Understanding the Economics of Third-Party Funding in the UK

January 08, 20265 min read

legal fee

Third-party litigation funding has moved from niche product to a multi-billion-pound asset class in the UK, reshaping how individuals, businesses and law firms pursue claims. At its core, the economics are simple: a funder provides capital to cover legal costs in exchange for a share of the proceeds if the case succeeds, but the implications for access to justice and risk management are far-reaching.

What Is Third-Party Litigation Funding?

Third-party funding involves an independent funder paying some or all of a claimant's legal costs, typically on a non-recourse basis, in return for a contractually agreed return if the claim is successful. If the case is lost, the funder usually receives nothing and the claimant owes no repayment, which is why funding is often described as non-recourse capital rather than a traditional loan.

In the UK, funders commonly finance legal fees, counsel fees, expert reports and disbursements, and may also help arrange adverse costs insurance. This enables claimants to litigate without tying up their own cashflow or exposing themselves to open-ended downside risk.

A Rapidly Growing Investment Market

The UK market for litigation funding has expanded dramatically over the last decade. Assets managed by funders in England and Wales grew from about £198 million in 2011/12 to around £2.2 billion in 2022, a more than ten-fold increase. Analysts estimate that, globally, litigation finance is now a market worth in the tens of billions of US dollars, with the UK seen as one of the most developed hubs.

Several structural factors drive this growth: disputes tend to be counter-cyclical (they do not disappear in economic downturns), returns can be attractive compared with other asset classes, and the UK's reputation as a leading centre for commercial litigation draws international investors. As a result, specialist funders now compete alongside private equity firms and hedge funds that view legal claims as an alternative asset.

How Funders Price Risk and Returns

Because litigation funding is non-recourse, pricing centres on risk assessment and probability-weighted returns rather than interest rates on capital. A typical funder will examine:

- Legal merits and prospects of success

- Quantum of damages and realistic recoverability

- Budgeted legal costs and likely duration of the proceedings

- Enforcement risk, including the defendant's assets and jurisdiction

Only a relatively small proportion of proposed cases pass this screening, which is why funding is often said to filter out unmeritorious claims: funders will not usually back cases where the risk-adjusted return is weak.

Returns are usually structured as either a multiple of the deployed capital, a percentage share of the damages, or a combination capped at a certain level.

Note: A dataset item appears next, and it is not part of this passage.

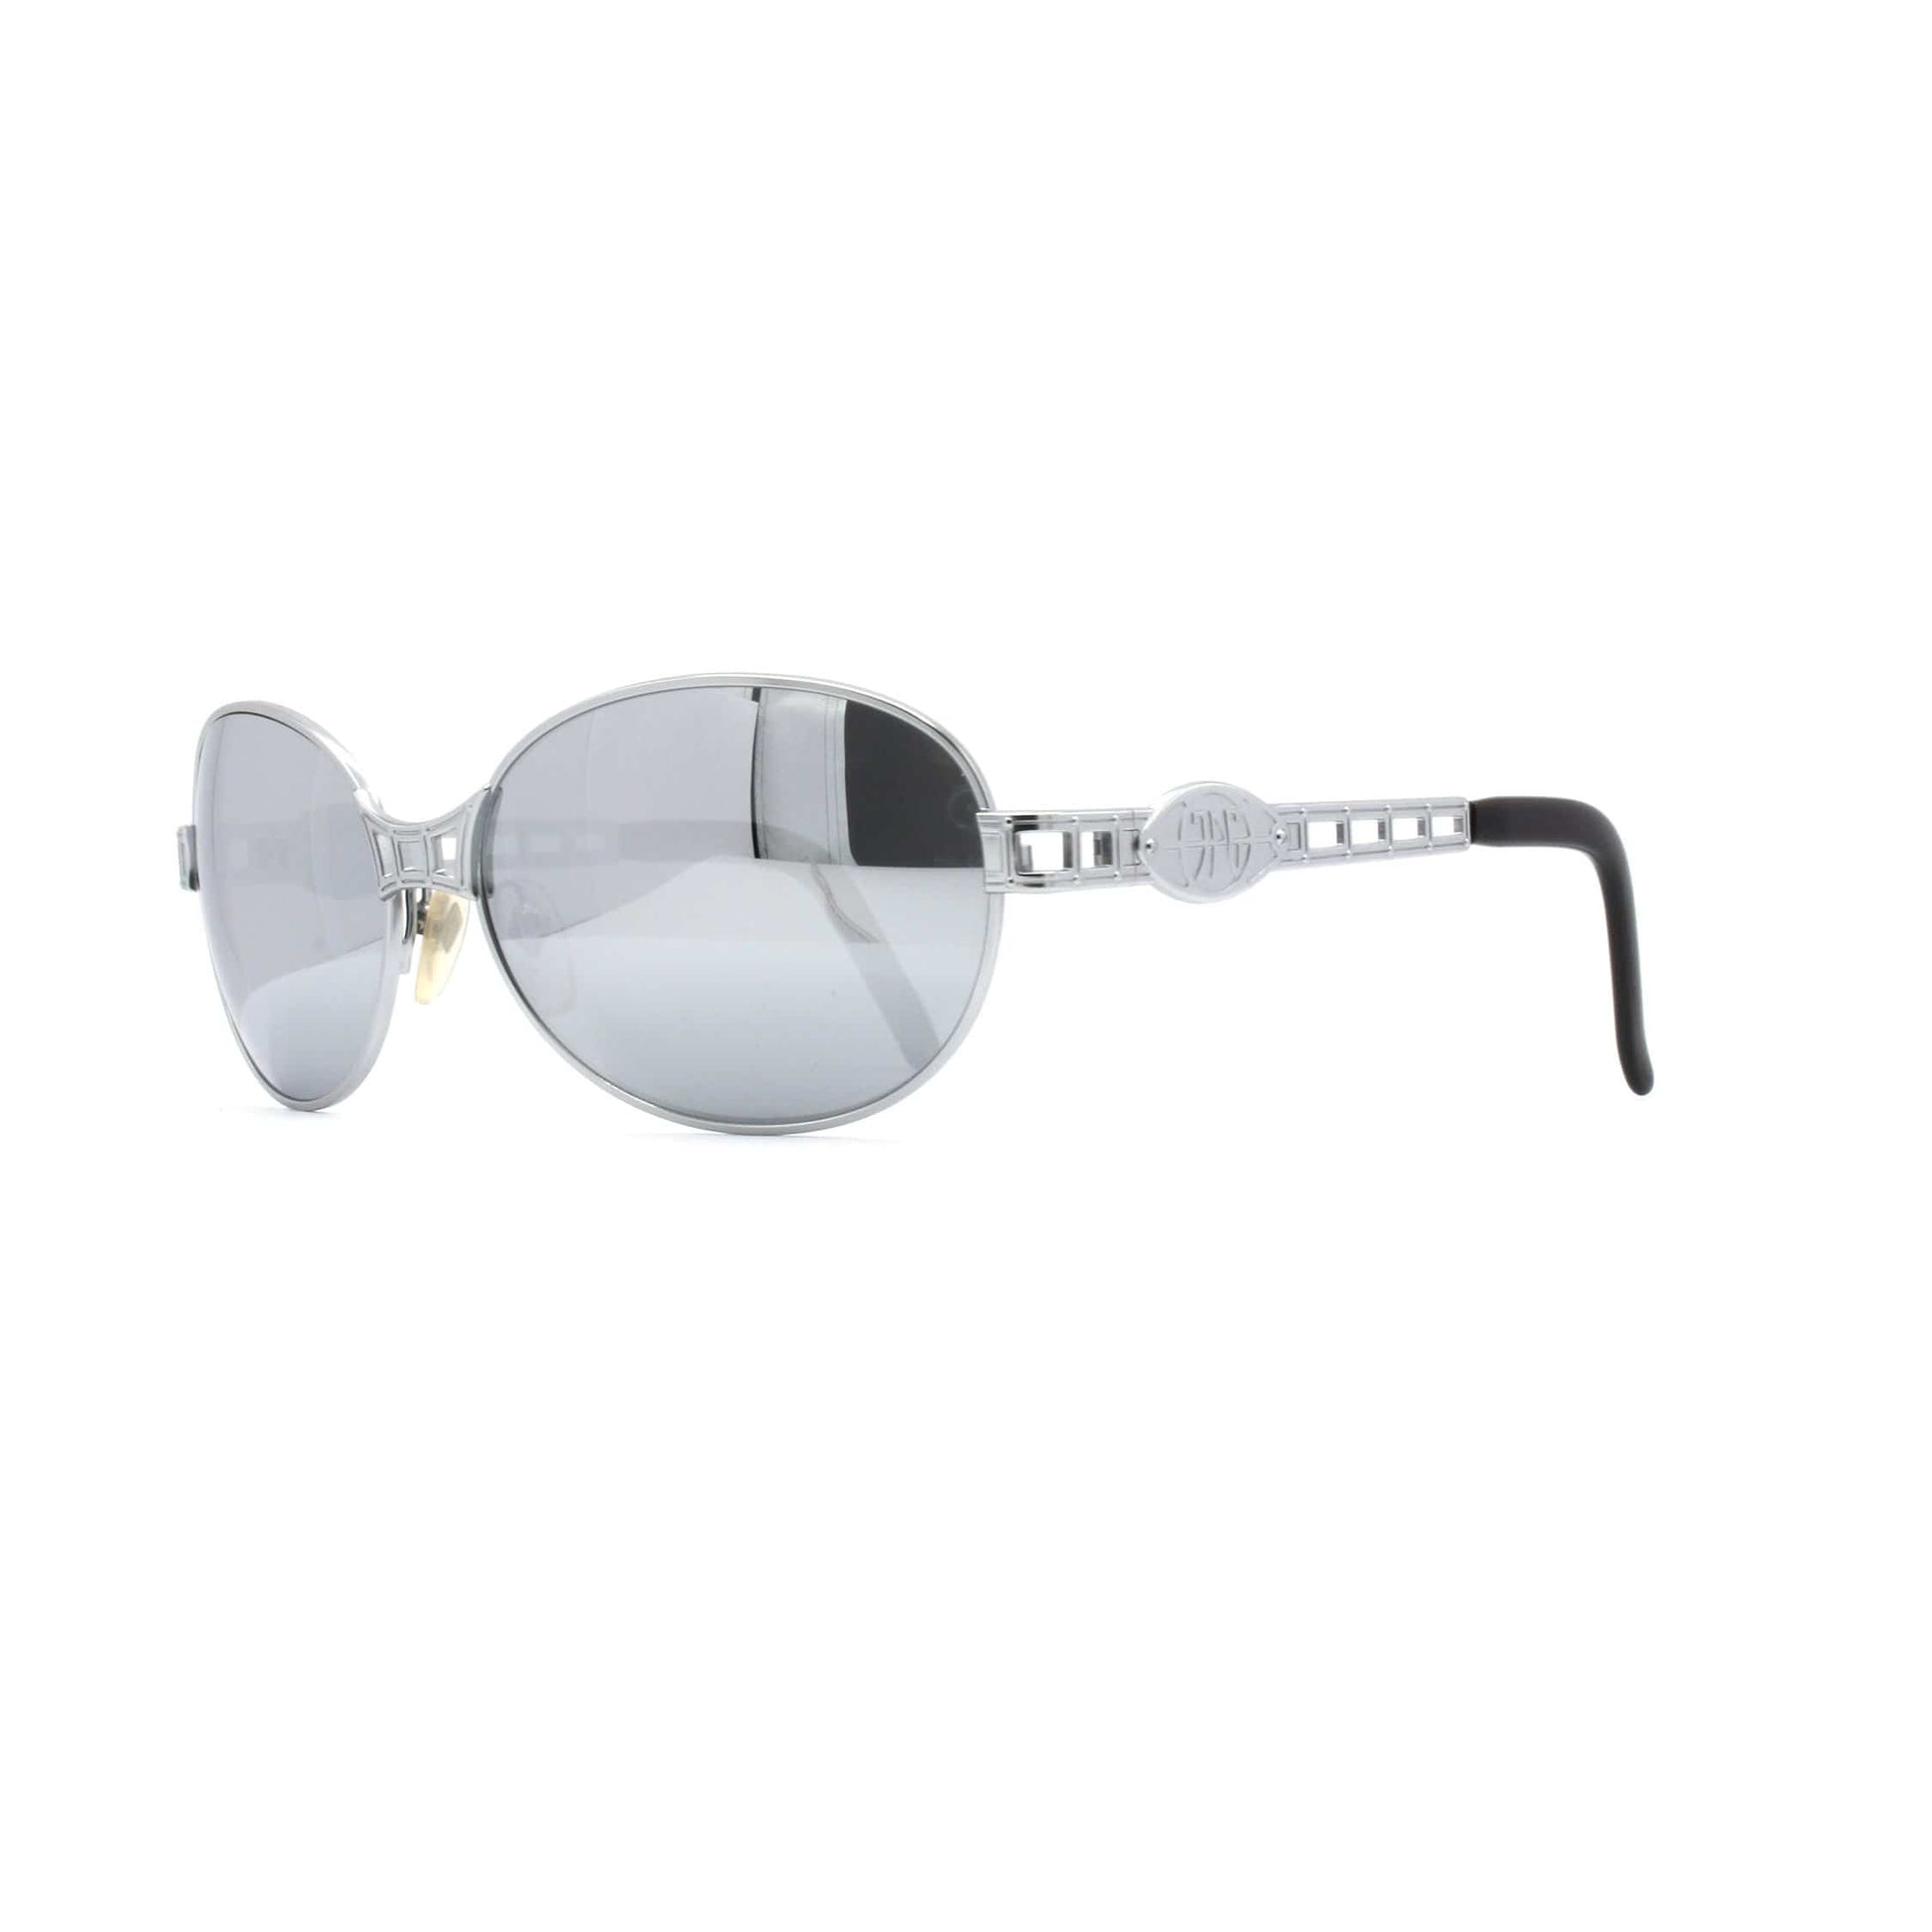 Silver Vintage Jean Paul Gaultier 58-6112 Sunglasses RSTKD Vintage

Some funders, including providers using a fixed-return model, offer claimants greater certainty about what they will pay on success, which can help ensure a larger share of any compensation remains with the claimant.

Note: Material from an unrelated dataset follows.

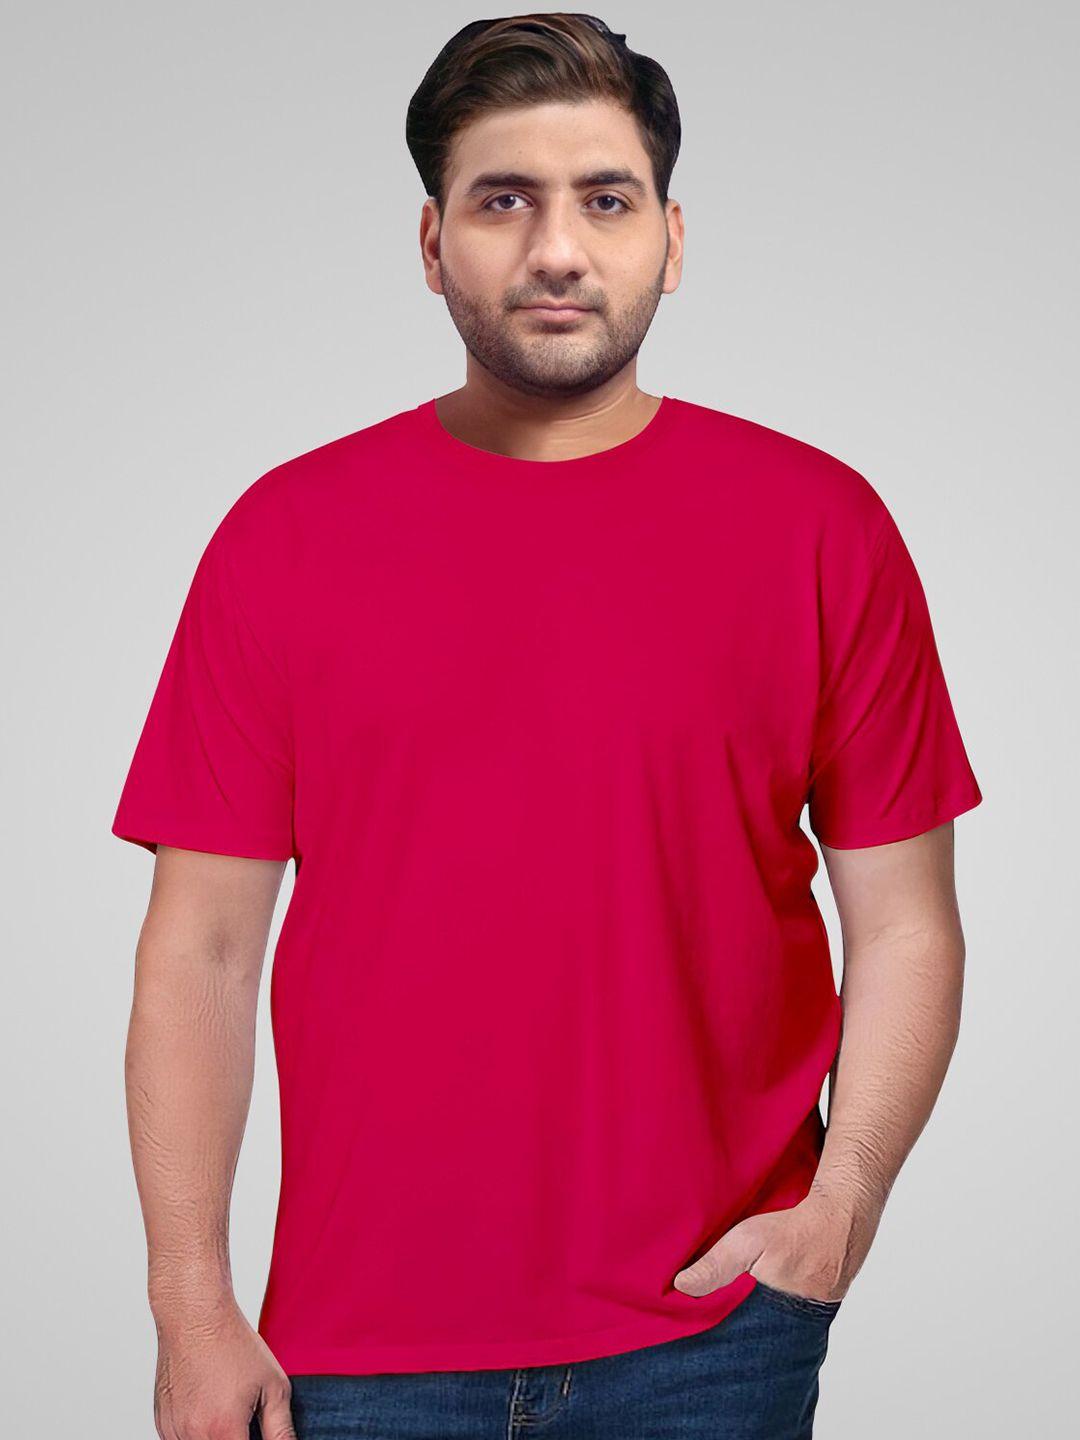 pootlu men maroon t-shirt

Benefits for Claimants, Businesses and Law Firms

For individuals and SMEs, the most obvious benefit is access to justice: funding enables claims that would otherwise be unaffordable, particularly against well-resourced defendants. The ability to litigate without paying costs upfront can change the power balance in settlement negotiations and discourage defendants from using "war of attrition" tactics.

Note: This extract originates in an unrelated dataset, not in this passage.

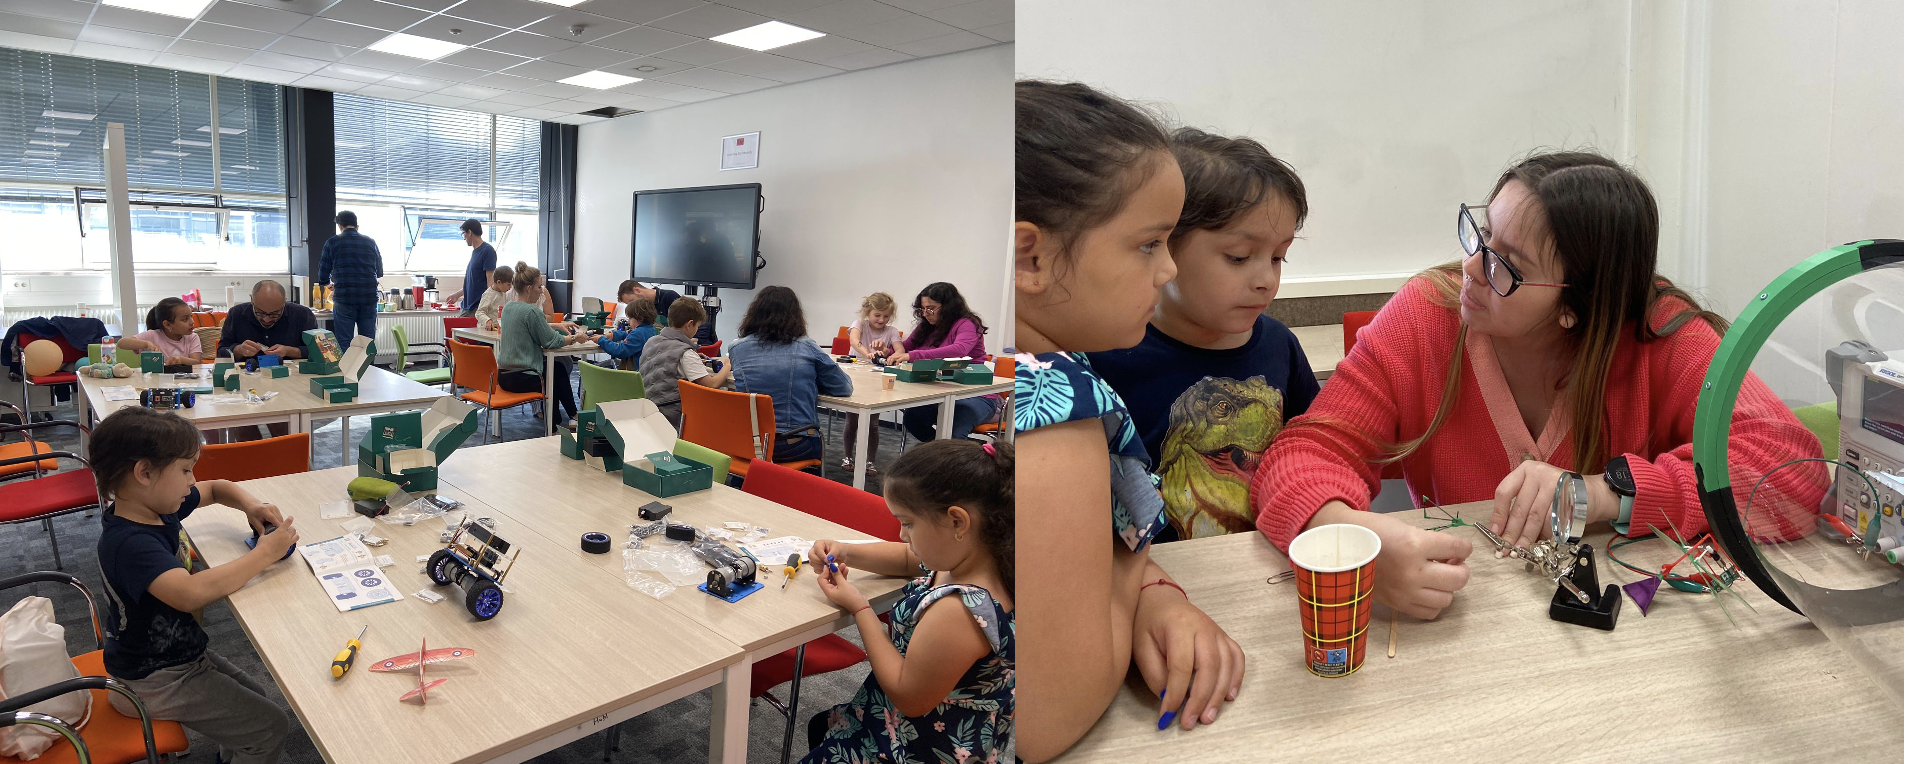 Robotics wokshop for kids and their parents

For larger corporates, the economics are more about capital efficiency. Funding allows them to move legal spend off balance sheet, smooth cashflow and convert contingent claims into managed financial assets. Law firms also benefit from expanded options: alongside conditional fee or damages-based agreements, external funding can support portfolios of cases or working-capital facilities that smooth revenue and enable investment in complex matters.

Key Risks and Regulatory Landscape

Litigation funding is not risk-free for any of the participants. From the investor's perspective, capital is at risk and returns are uncertain; cases can take years to resolve, and changes in law or procedure can affect outcomes. For claimants, while they do not usually repay if they lose, they must accept that a portion of any successful recovery will go to the funder, and they need to understand clearly how that return is calculated.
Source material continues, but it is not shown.